While it would be nice to work out why this happens, it strikes me that also it might be better if this errpipe were non-blocking and so we could read from it while respecting the timeout. Does that make any sense?

Any thoughts would be most welcome.

1 Like

Are you able to reproduce the issue on any newer version of Python? A fix may have been added later in the 3.7 series, or may well be there in the current 3.11.

Hmm. I don’t know if this is necessarily a problem per se, but it’s overkill - spawning a thread which just blocks on another process. You could, instead, just start the process from the main thread, and then work directly with it as a non-blocking process.

Does the actual script do other work in this thread, and if so, can it be reworked as a “process has now terminated” event of some sort? And if you CAN simplify this down, does that solve your problems with the other processes?

Hi Steve,

Are you able to reproduce the issue on any newer version of Python? A fix may have been added later in the 3.7 series, or may well be there in the current 3.11.

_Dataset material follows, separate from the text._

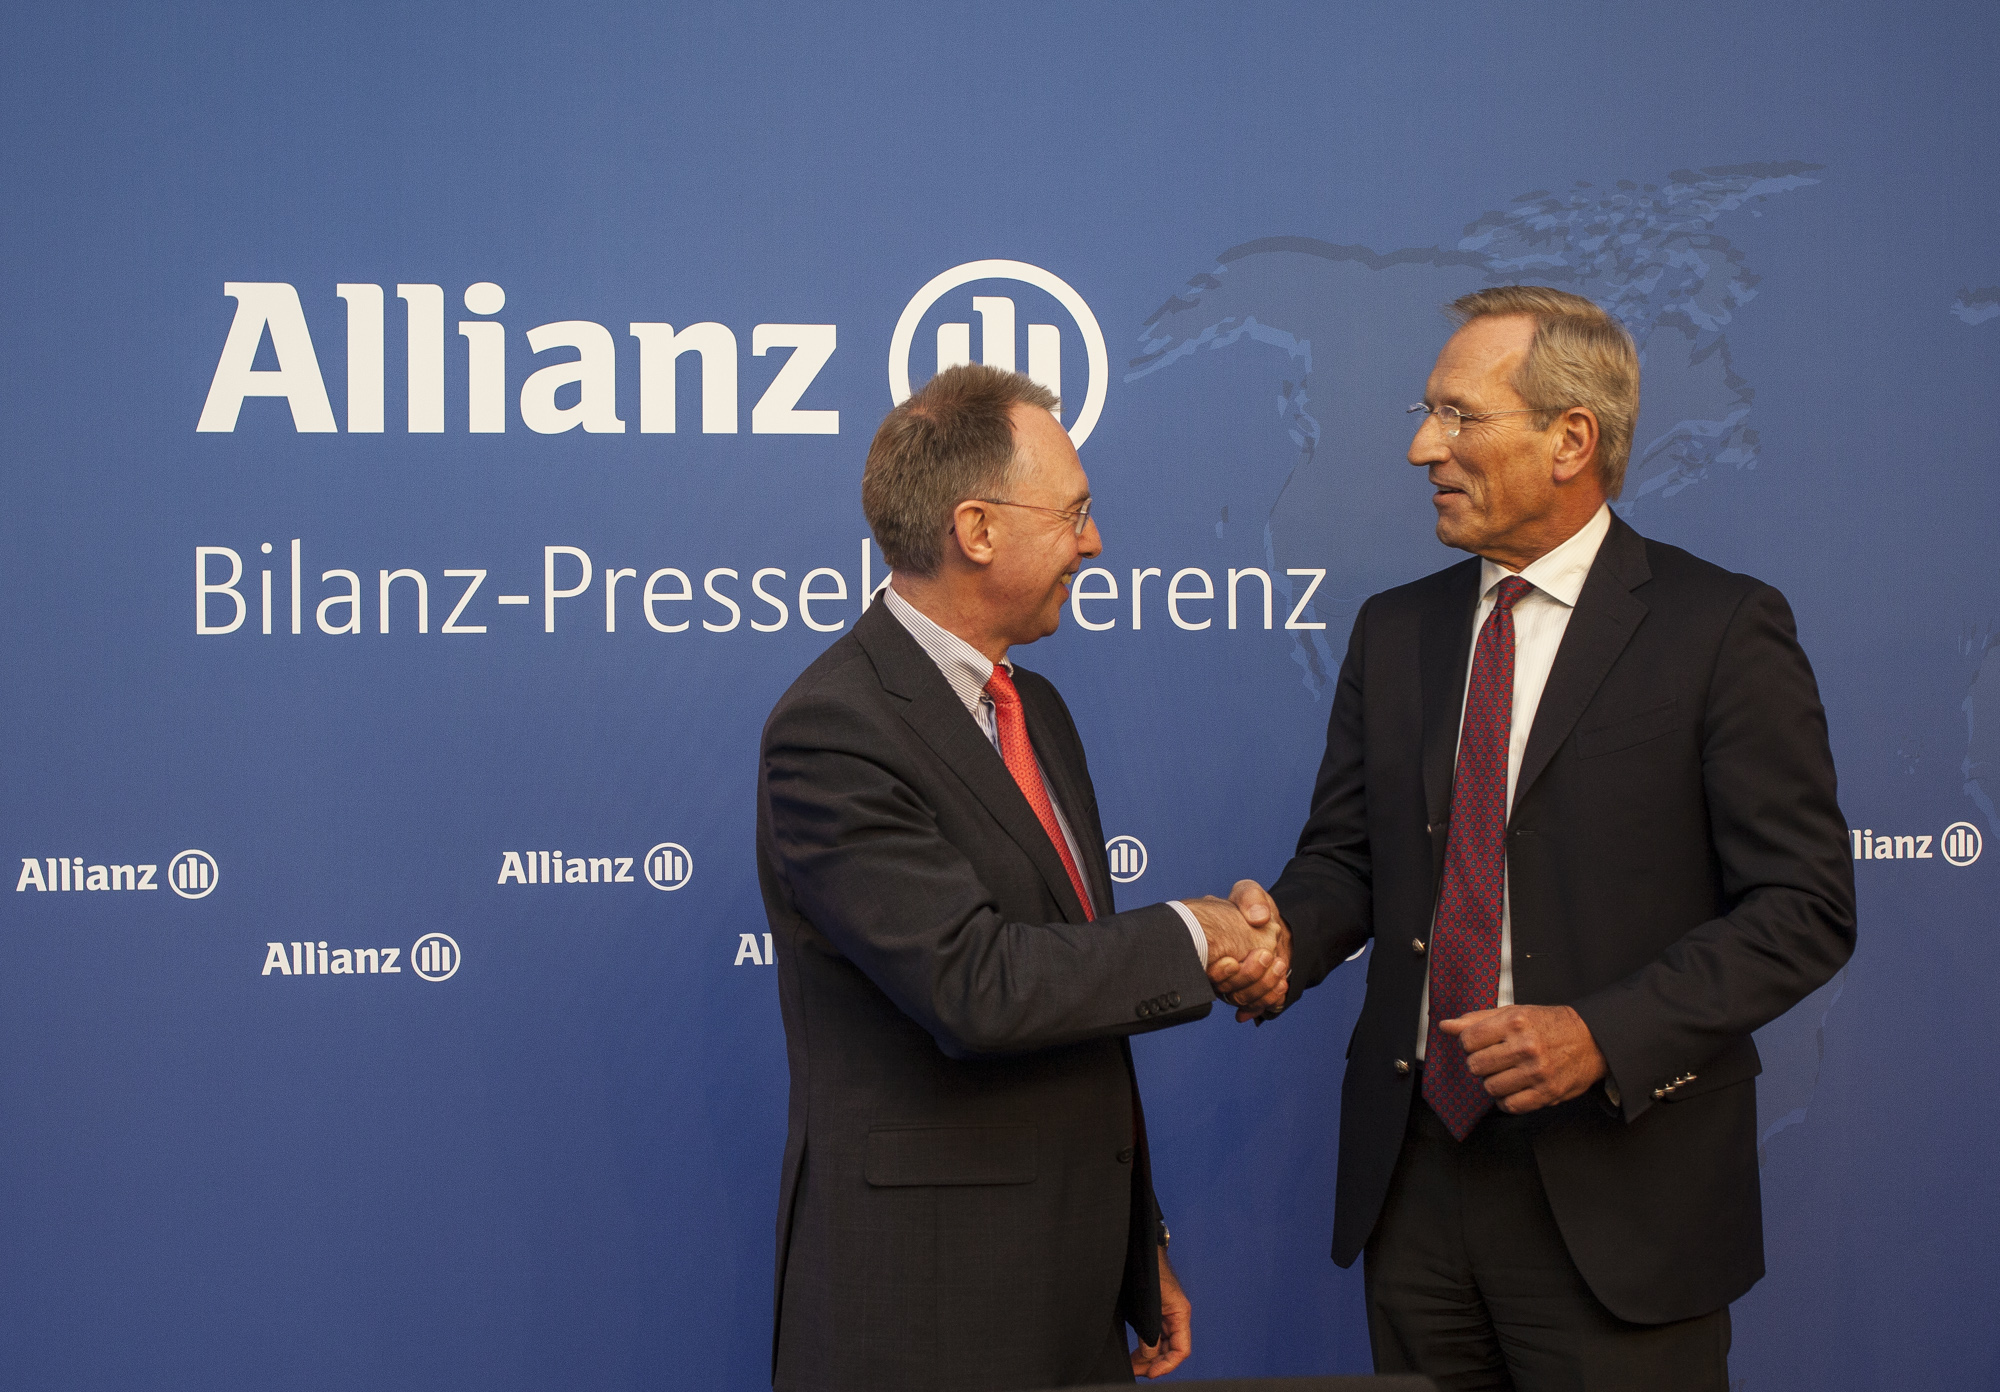 Allianz Board Member Dieter Wemmer and CEO Michael Diekmann (from left)

As yet the only place I can reproduce the bug is on an embedded system (on which changing the Python version is difficult) running a torture test for many hours. I’m trying to find an easier reproduction recipe but it really doesn’t happen very often.

I backported the fix for this bug, which didn’t help. I think that case is slightly different, as with my bug there is no shell or sub-sub process involved.

Hi Chris,

Does the actual script do other work in this thread, and if so, can it be reworked as a “process has now terminated” event of some sort? And if you CAN simplify this down, does that solve your problems with the other processes?

It doesn’t do much; to flesh it out a little, it’s really more like

def thread_body():
    while True:
        subprocess.run(["long_running_process"], close_fds=False)
        do_some_stuff()

Can you elaborate a little on how I could have some code triggered when long_running_process terminates?

Thanks!

Oh, it’s actually a looped thing. That’s a little harder to transform, although definitely not impossible. Depending on how quickly you need it to respond, and how frequently your other loop iterates (one second in your example), you could do something like this:

def spawn_longrunner(): # give it a better name based on what it actually does
    global longrunner
    longrunner = subprocess.Popen(["long_running_process"], close_fds=False)

spawn_longrunner()
while True:
    subprocess.run(["short_running_process"], capture_output=True, timeout=1)
    if longrunner.returncode is not None:
        do_some_stuff()
        spawn_longrunner()

In effect, what this does is: Every time you finish one of the short-running processes, check if the long-running one has finished; if so, do the subsequent work, and then restart. (I’m assuming here that do_some_stuff() is relatively fast and doesn’t itself need to be parallelized against the short-running processes; if that’s not the case, you definitely want threads or something here.)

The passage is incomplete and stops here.